心理实验数据的联合建模：反应与反应时的混合影响

doi:10.3724/SP.J.1041.2024.01619

摘要/Abstract

摘要： 混合效应模型(Mixed-Effects Model, MEM)将被试和刺激项目同时作为随机变量, 有效地分析实验效应和相关的被试(或刺激项目)差异, 从而避免了传统方差分析的随机效应固定化问题。基于此, 文中构建了混合MEM、独立MEM和速度MEM三个联合模型, 并与反应和反应时数据的分开建模(即分开MEM)进行比较。在IAT实验数据分析中, 分开MEM的模型拟合与参数估计均不如独立MEM, 而混合MEM的模型拟合优于独立MEM和速度MEM。模拟结果显示, 分开MEM参数估计的相对偏差普遍大于独立MEM, 且具有较高的第I类错误率; 而混合MEM比其他联合模型能更好地识别不同模拟情景的参数, 并且具有较佳的第I类错误率和统计检验力。因此, 在心理实验中, 联合建模方法比分开建模具有更大优势。

关键词: 心理实验, 反应时, 反应, 混合效应模型, 联合建模

Abstract: Mixed-Effects Models (MEMs) have become a prominent trend in the analysis of psychological experiment data. MEMs can simultaneously treat both subjects and stimuli as random variables, effectively analyzing experimental effects and the associated differences between subjects (or stimuli).

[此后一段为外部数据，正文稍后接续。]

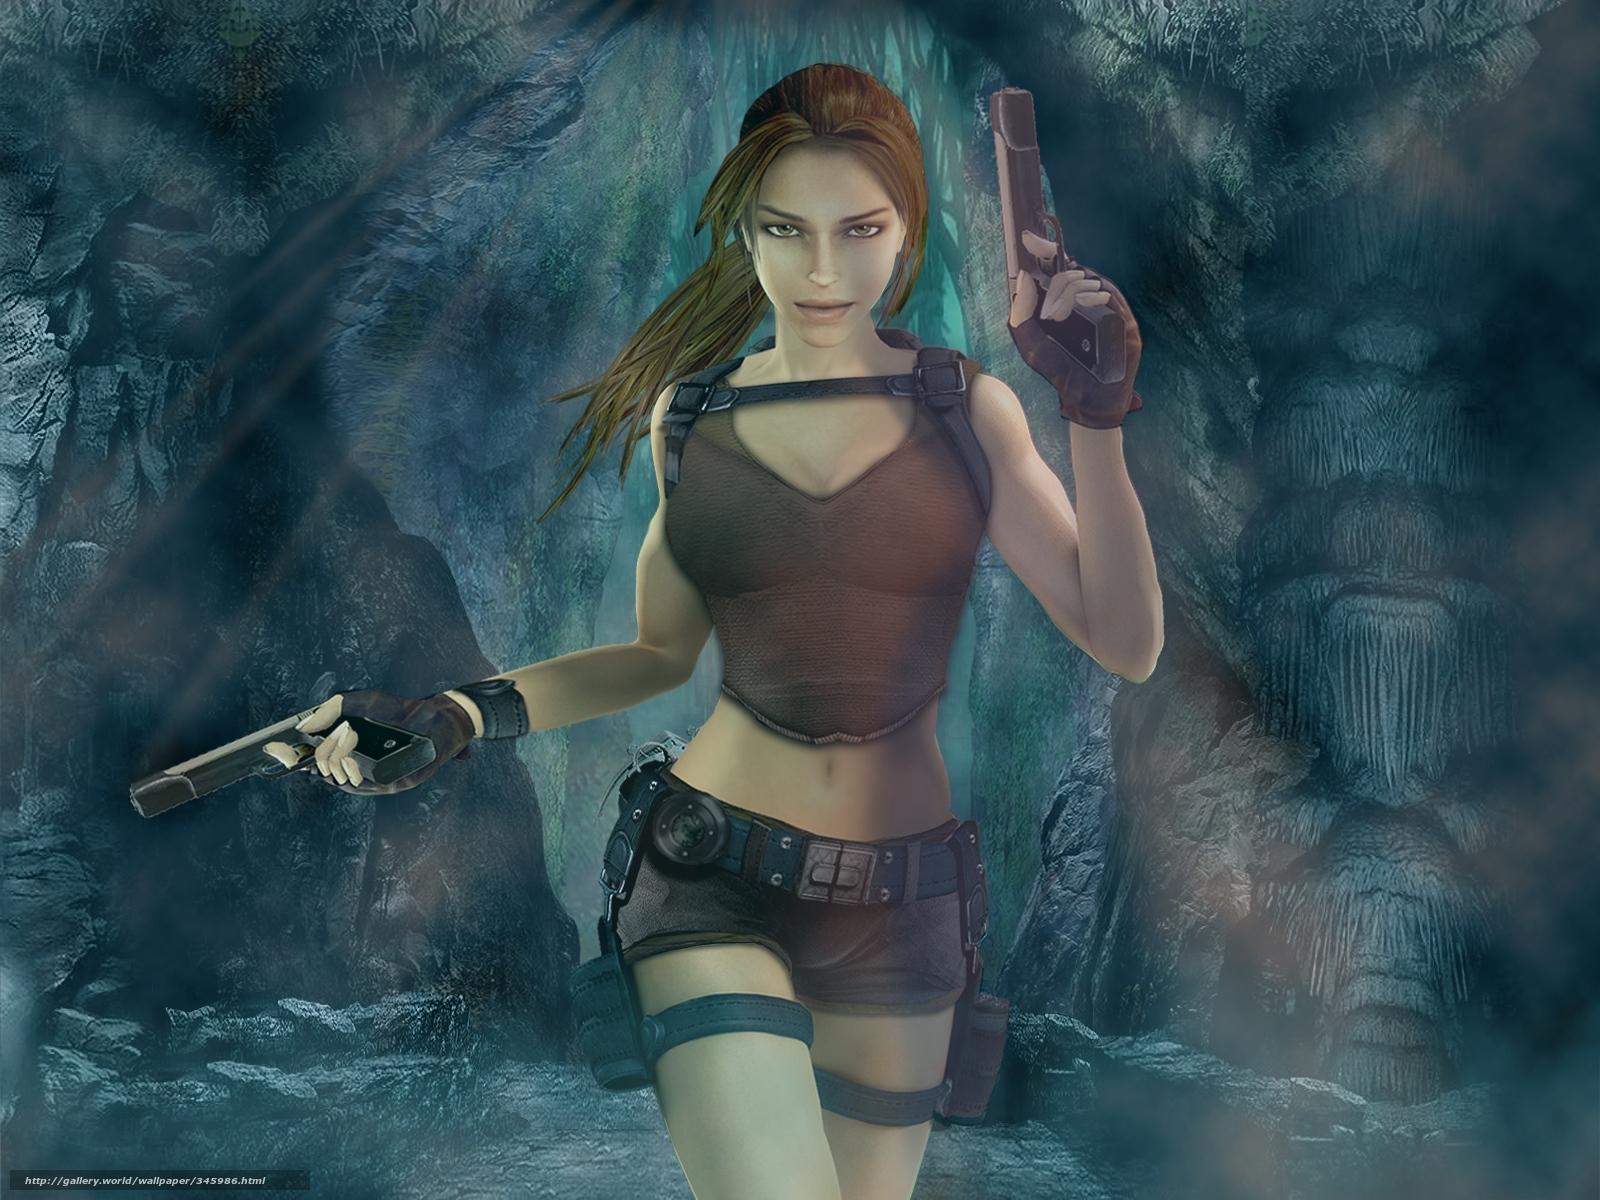 Lara croft cartoon anal sex pixs nude image
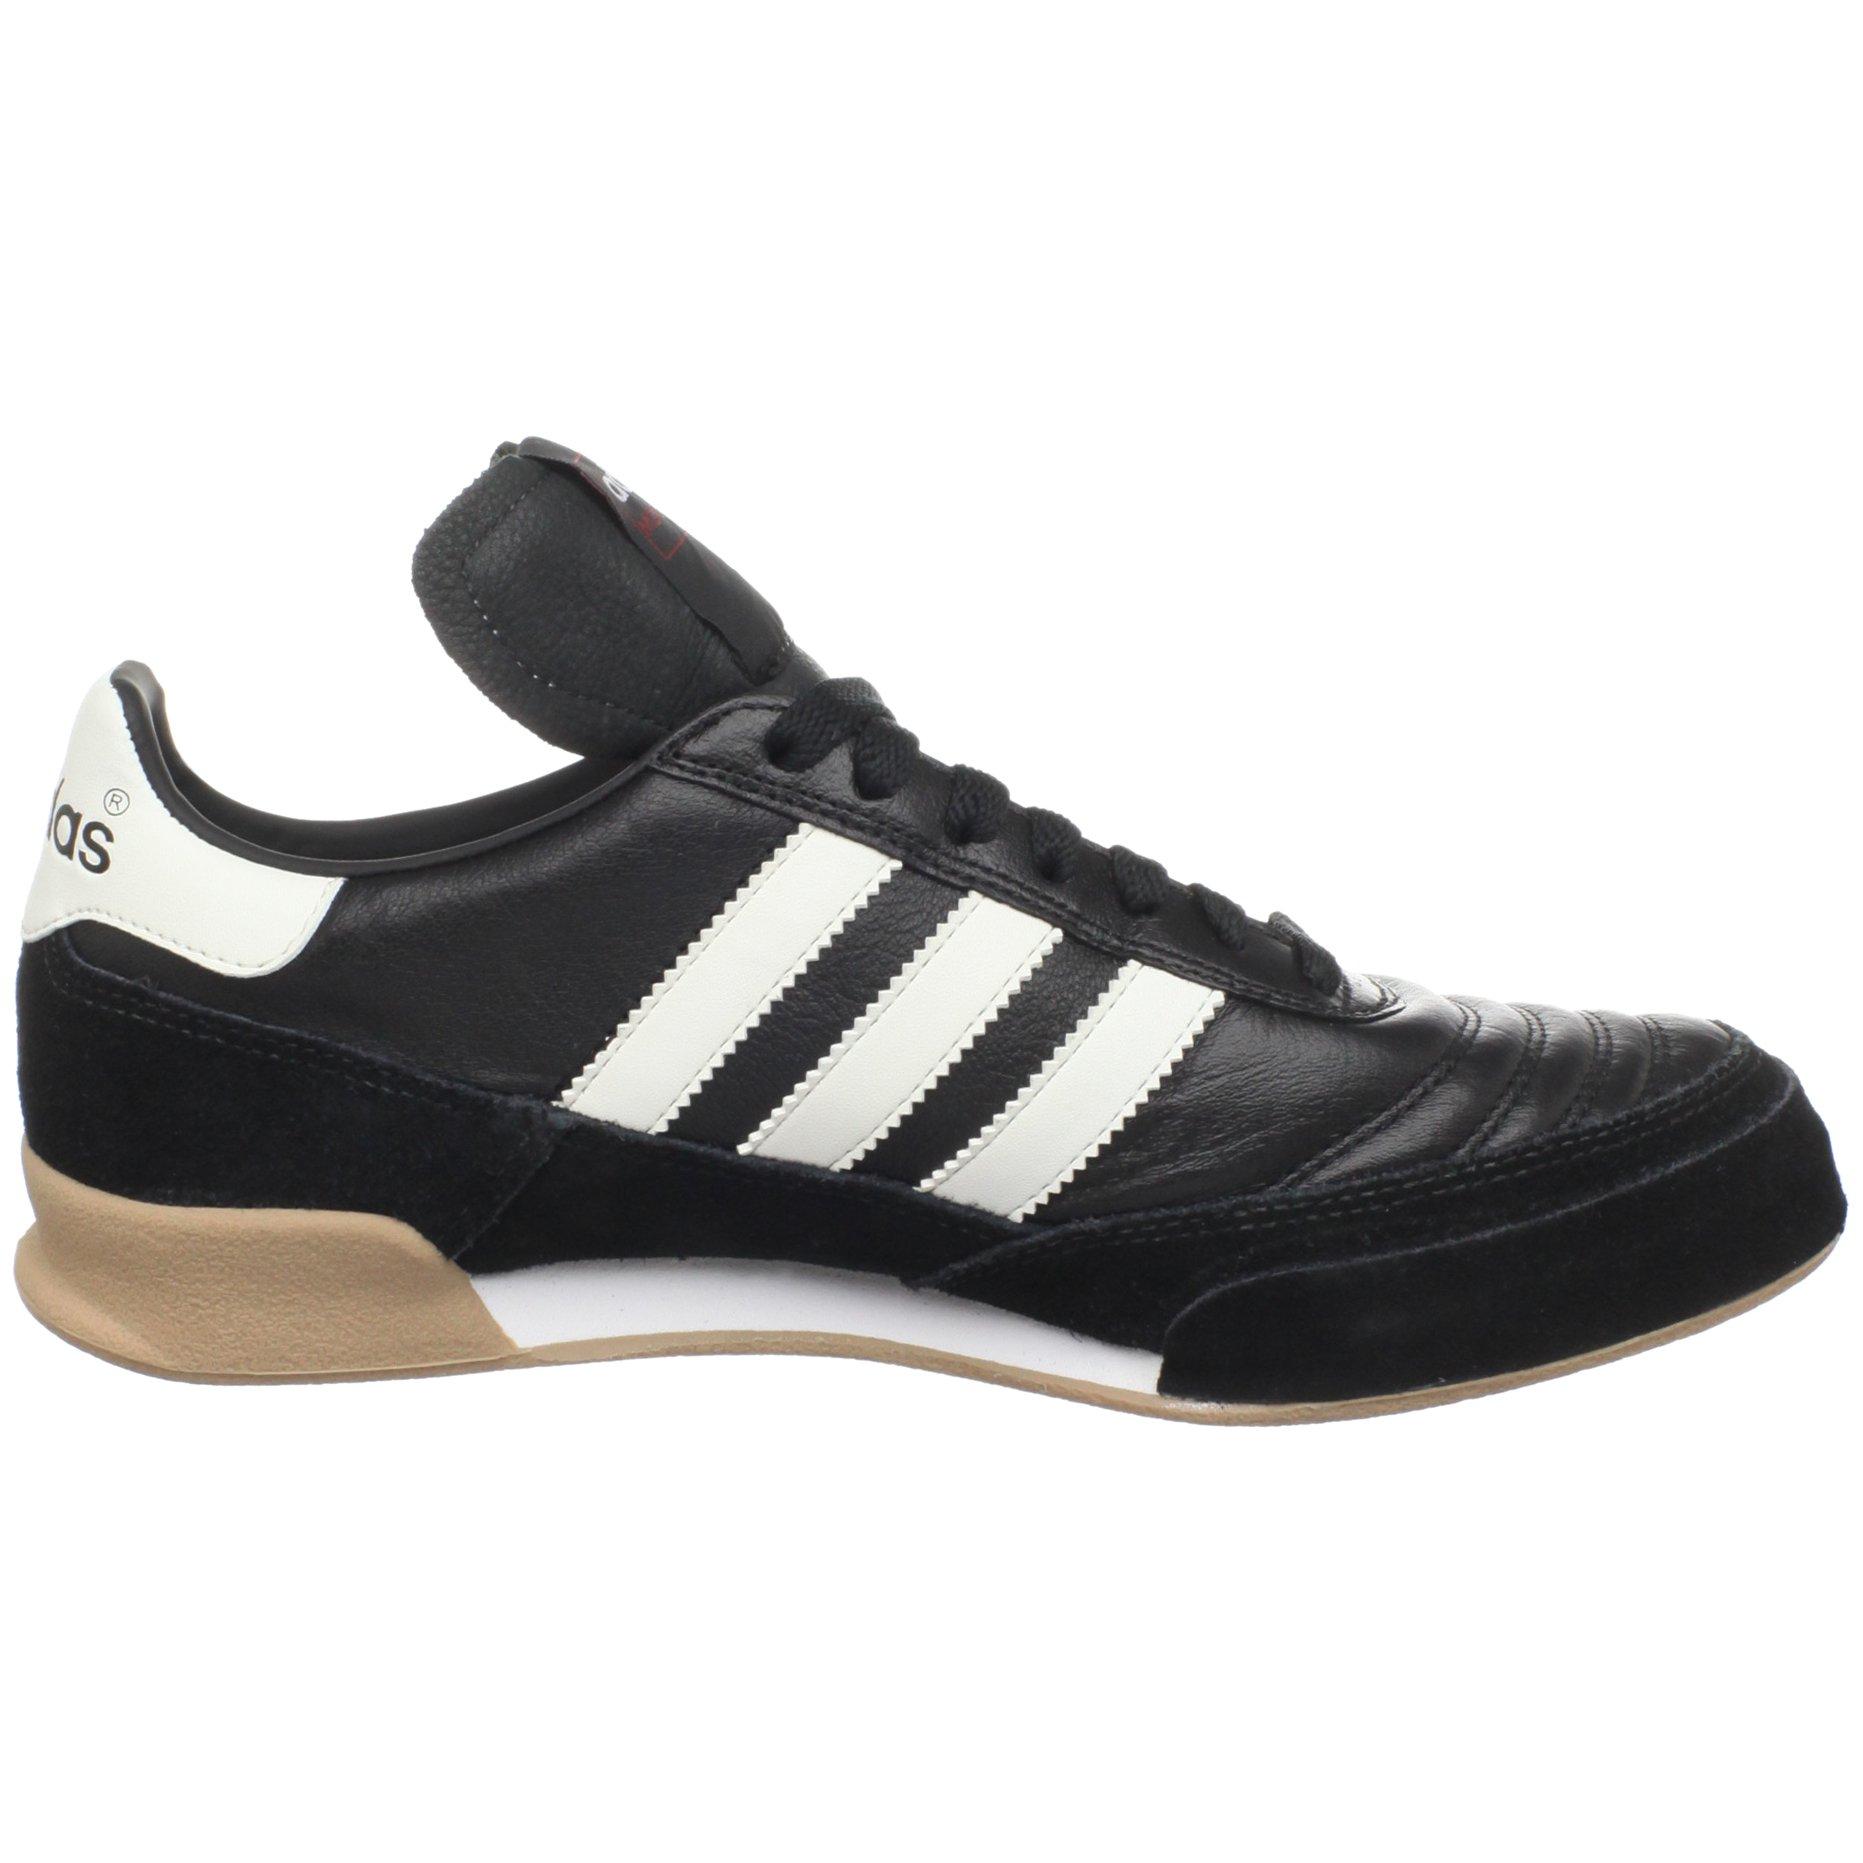 adidas Men's Mundial Goal Soccer Cleat, Black/White/White, 5 M US by adidas (Image #6)

This approach avoids the issue of treating subjects or stimuli as fixed variables and consequently the high incidence of false positives, which is common in analysis of variance (ANOVA). Typically, in psychological experiments, reaction and reaction times are described and modeled separately. However, this separation hinders the full utilization and integration of different data from subjects to exploit maximum information from sample datasets.
Current psychometric and cognitive process models attempt to jointly analyze different data sources, providing insights for the joint modeling of psychological experiment data. In psychological experiments, a specific duration is typically set for each stimulus, and subjects are required to make a keystroke response within this period. This setup is similar to time-limited tests, but the tasks in psychological experiments are usually simpler. Based on this, the paper constructs three joint models: mixed MEM, independent MEM, and speed MEM. These models are compared with the separate model of reaction and reaction time data (i.e., separate MEM) in a series of studies.
In the analysis of IAT (Implicit Association Test) experiment data, the separate MEM was found to be inferior to the independent MEM in both data fitting and parameter estimation. The mixed MEM showed better model fit indices than both independent MEM and speed MEM. In the simulation studies, different comparisons were conducted using mixed MEM and speed MEM as benchmark models. The simulation results show that the relative bias in parameter estimation for separate MEM was generally greater than that for independent MEM, and it had a higher Type I error rate. Among the joint models, the independent MEM exhibited significant parameter estimate biases across benchmark models and also had high Type I error rates and statistical power. Similarly, the speed MEM was found to have comparable issues under mixed MEM simulation conditions. On the other hand, the mixed MEM was able to better identify parameters under different simulated scenarios compared to other joint models, and it had better Type I error rates and statistical power.
In conclusion, joint modeling is more advantageous than separate analysis in psychological experiments. Moreover, the reaction and reaction times in experimental tasks are more likely to have complex mixed influence relationships.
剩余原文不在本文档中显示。